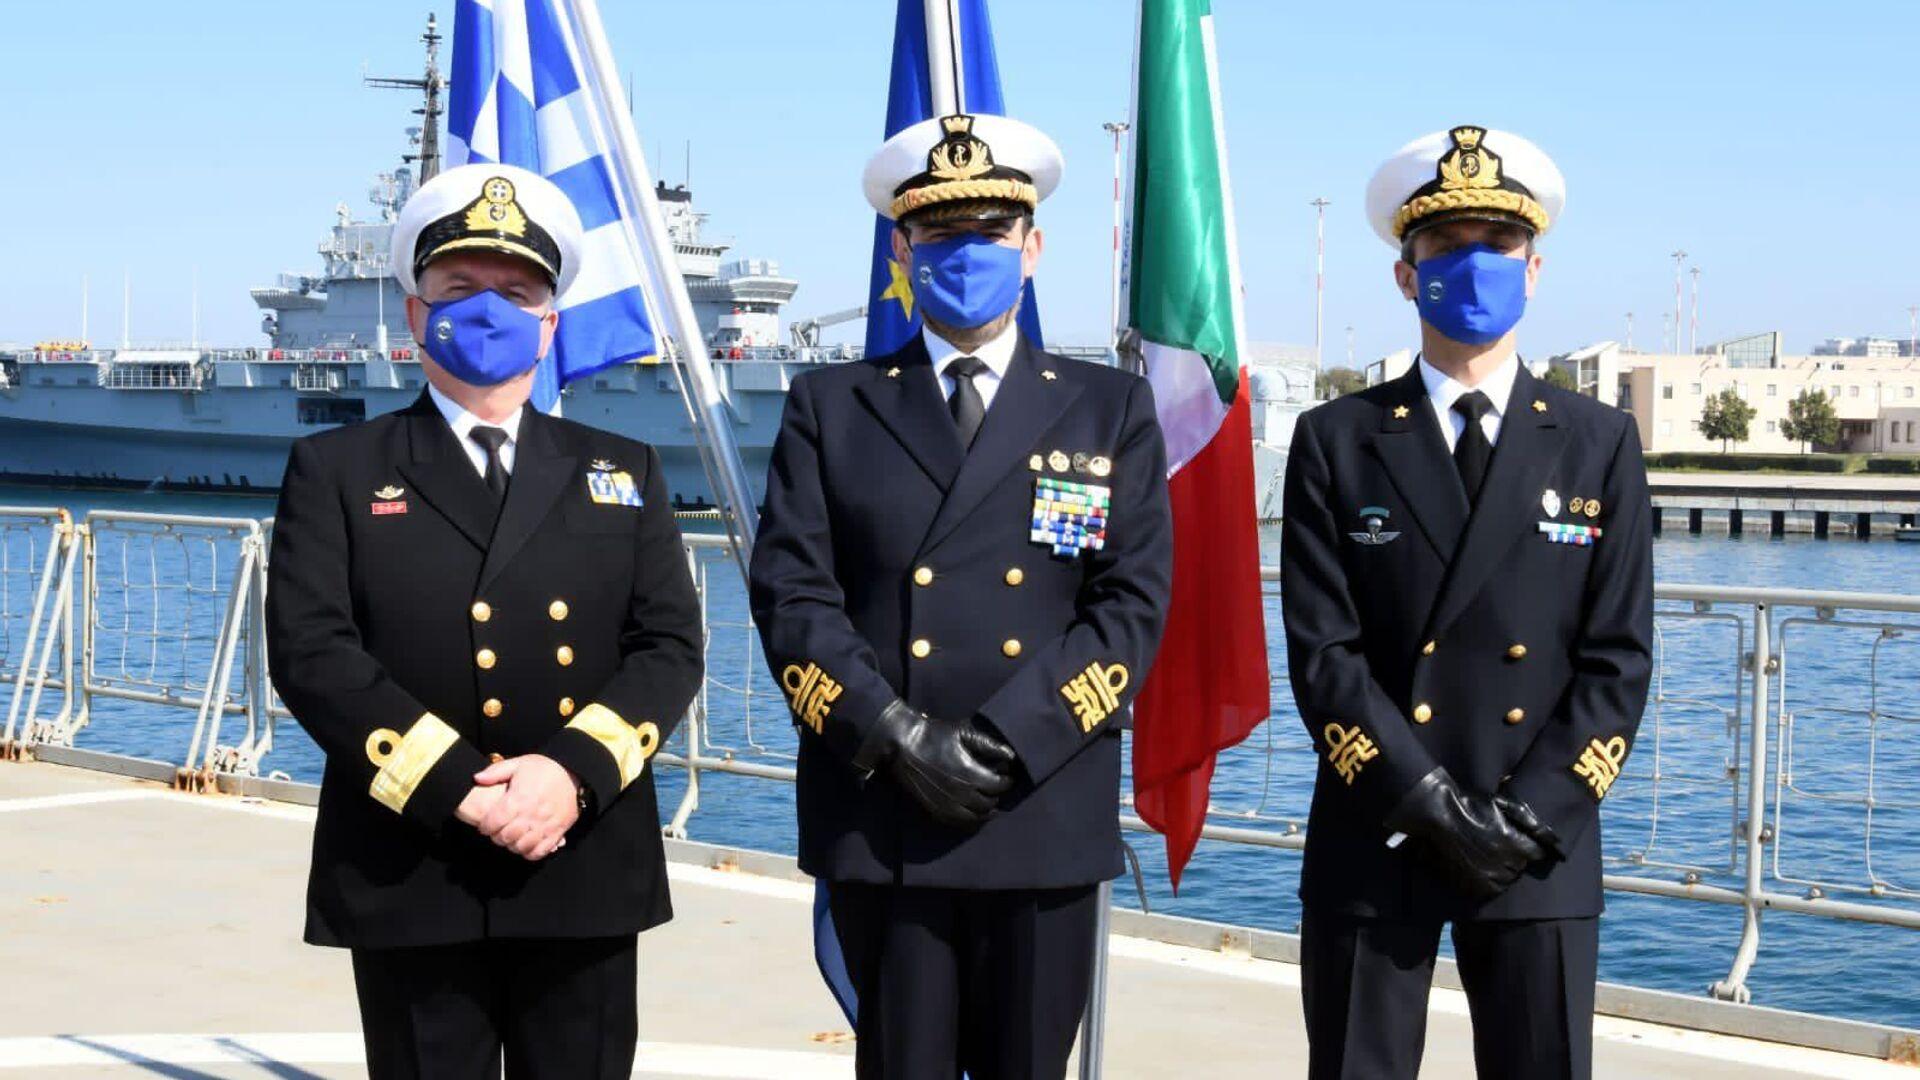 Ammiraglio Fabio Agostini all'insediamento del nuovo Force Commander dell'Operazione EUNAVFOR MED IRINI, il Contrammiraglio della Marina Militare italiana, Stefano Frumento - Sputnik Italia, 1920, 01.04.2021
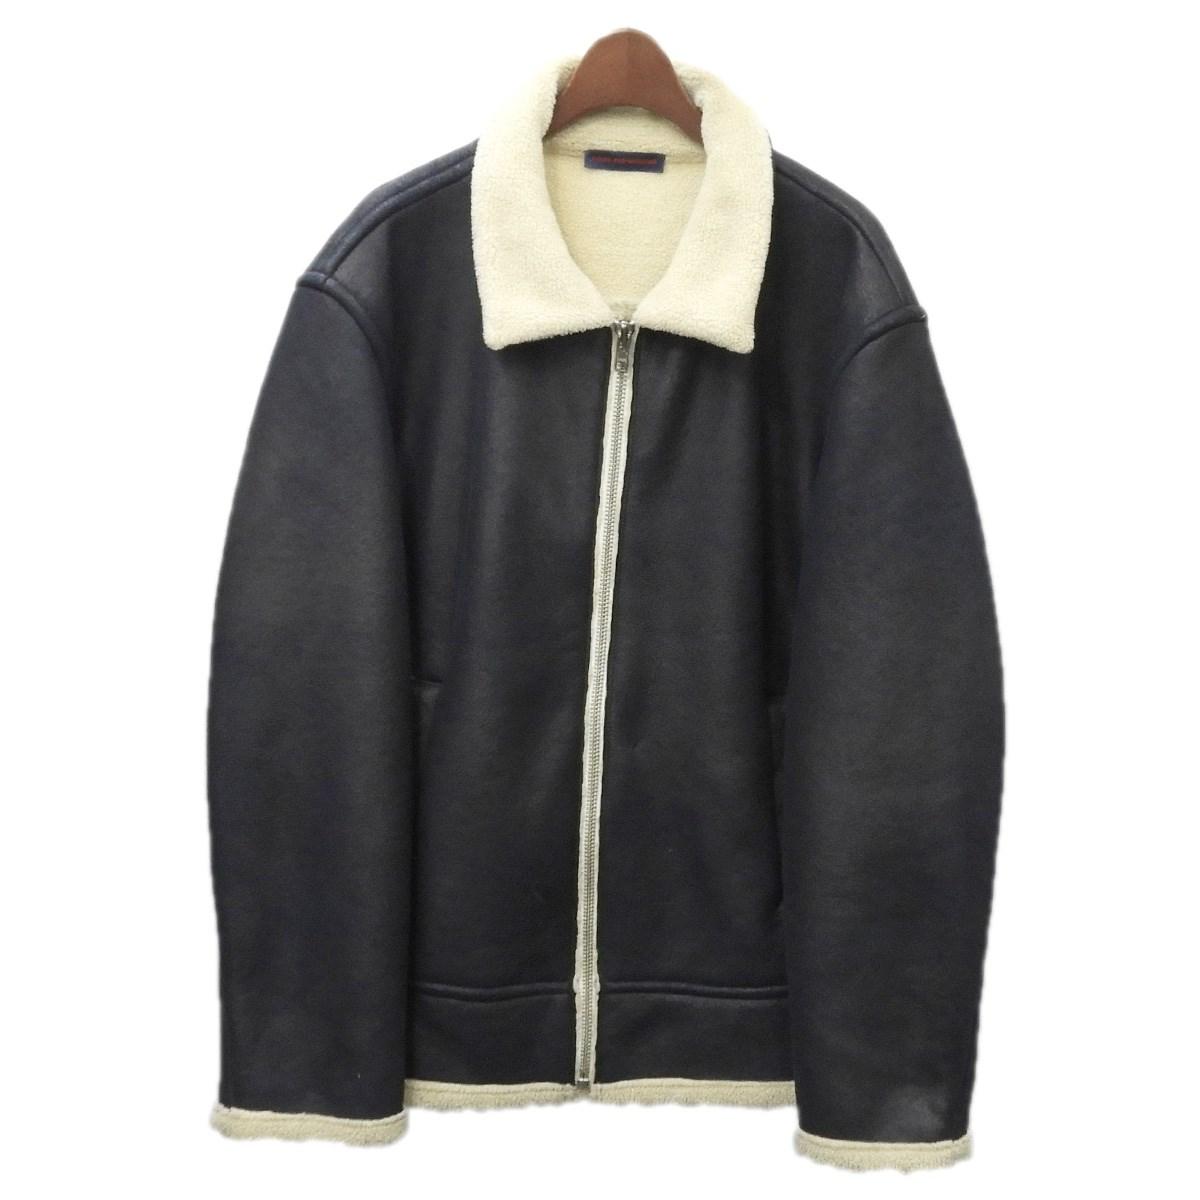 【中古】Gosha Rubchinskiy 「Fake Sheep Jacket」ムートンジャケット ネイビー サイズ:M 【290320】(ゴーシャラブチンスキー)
+++
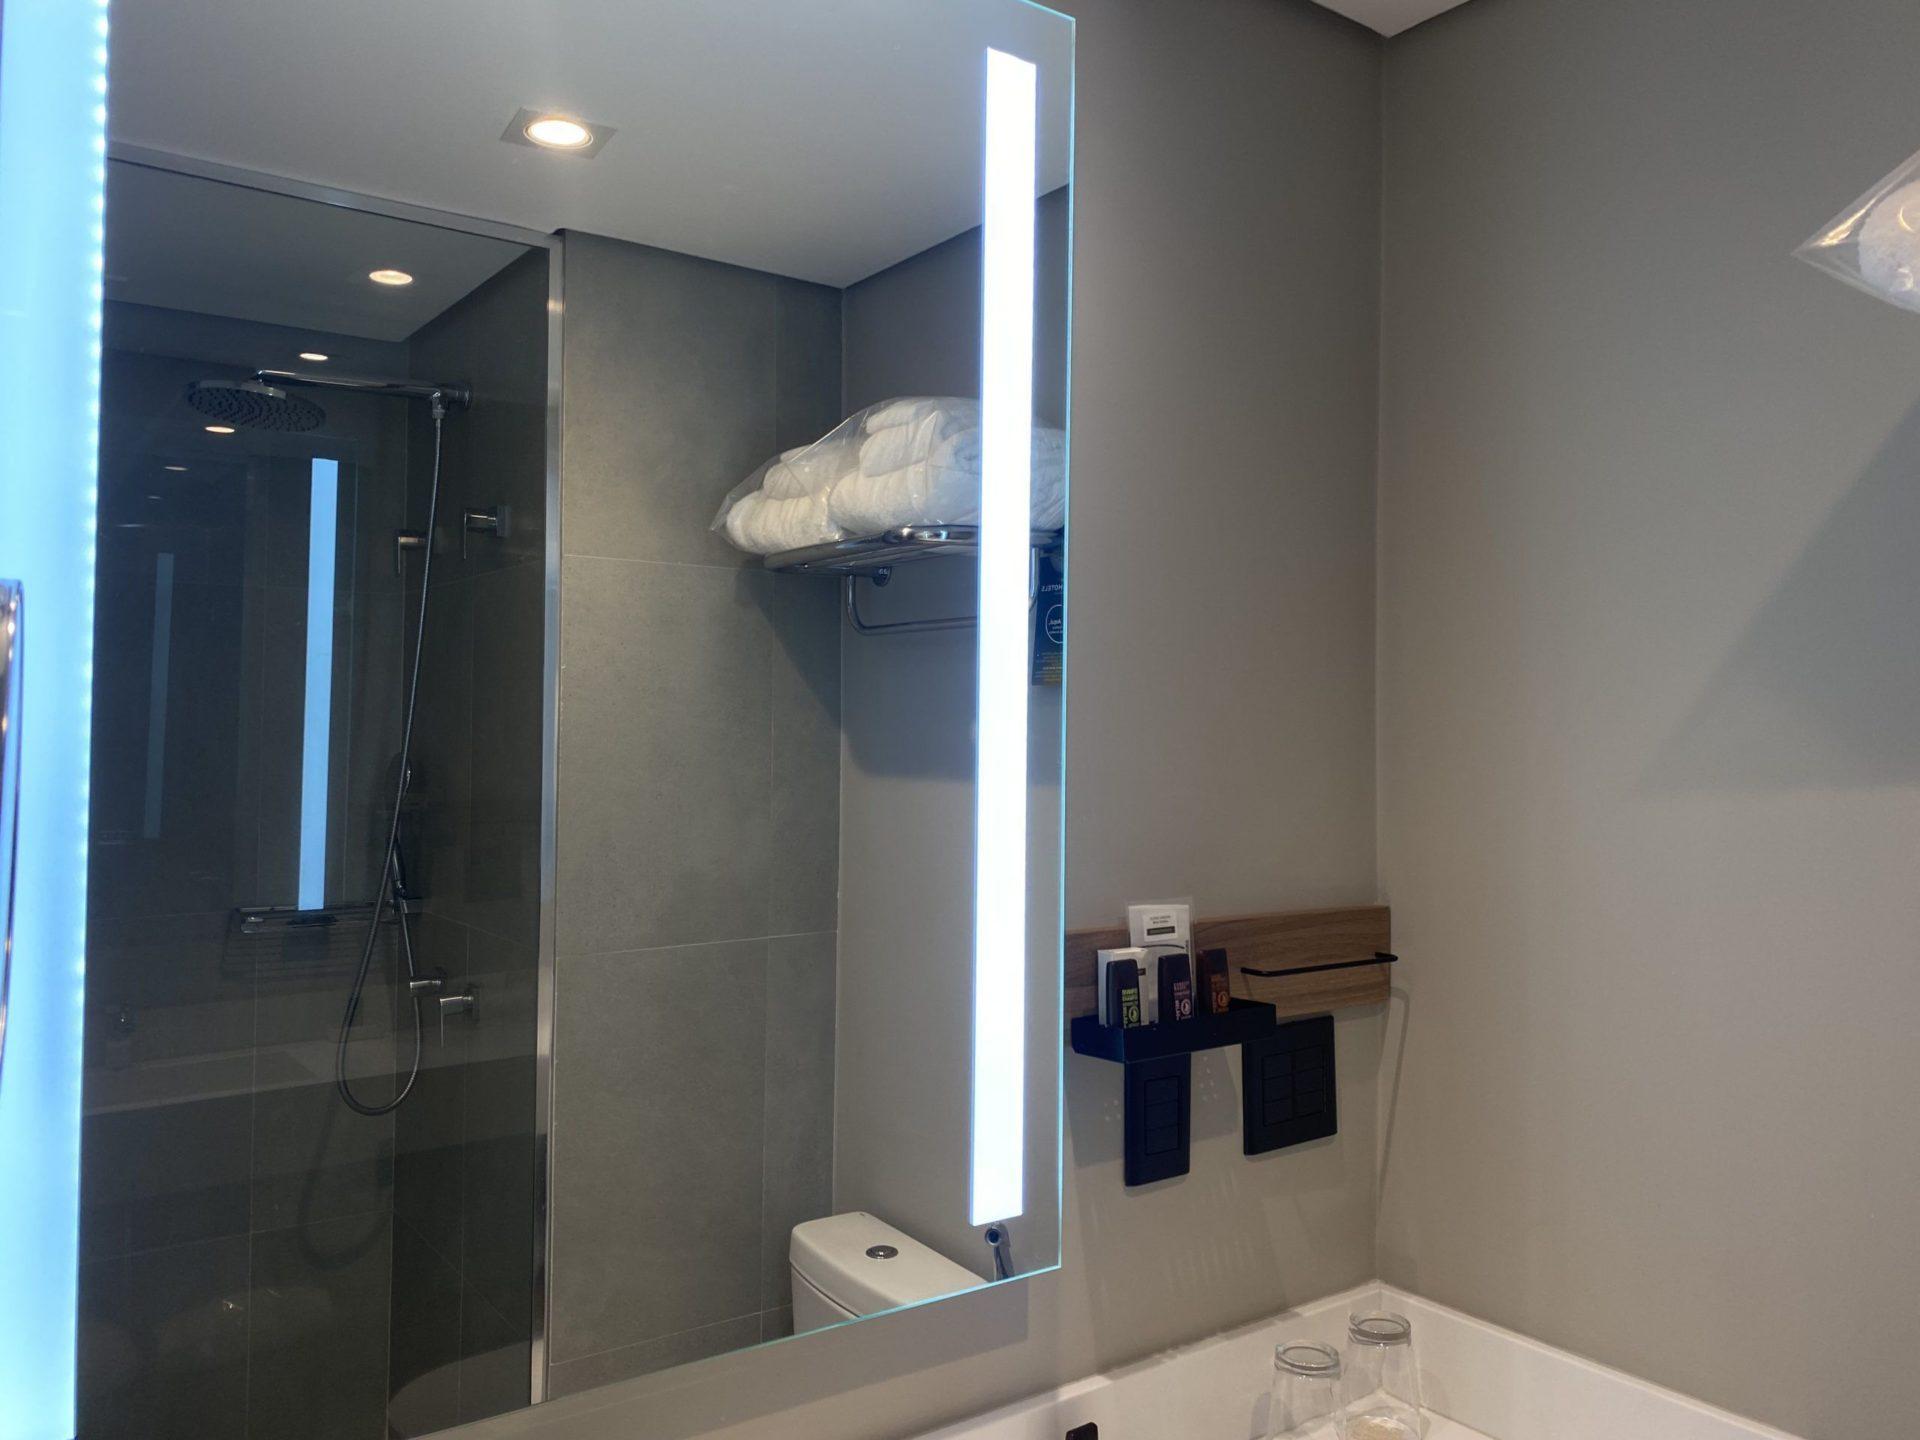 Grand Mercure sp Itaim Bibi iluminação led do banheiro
+++
→ **ASSIGNMENT**: Restate word for word every line from the one with "Ammiraglio Fabio Agostini" up to and including the one with "ネイビー サイズ:M 【290320】(ゴーシャラブチンスキー)" in the records above, minus the pictures.

→ **ANSWER FOR THIS EXERCISE**:
 Ammiraglio Fabio Agostini all'insediamento del nuovo Force Commander dell'Operazione EUNAVFOR MED IRINI, il Contrammiraglio della Marina Militare italiana, Stefano Frumento - Sputnik Italia, 1920, 01.04.2021
 【中古】Gosha Rubchinskiy 「Fake Sheep Jacket」ムートンジャケット ネイビー サイズ:M 【290320】(ゴーシャラブチンスキー)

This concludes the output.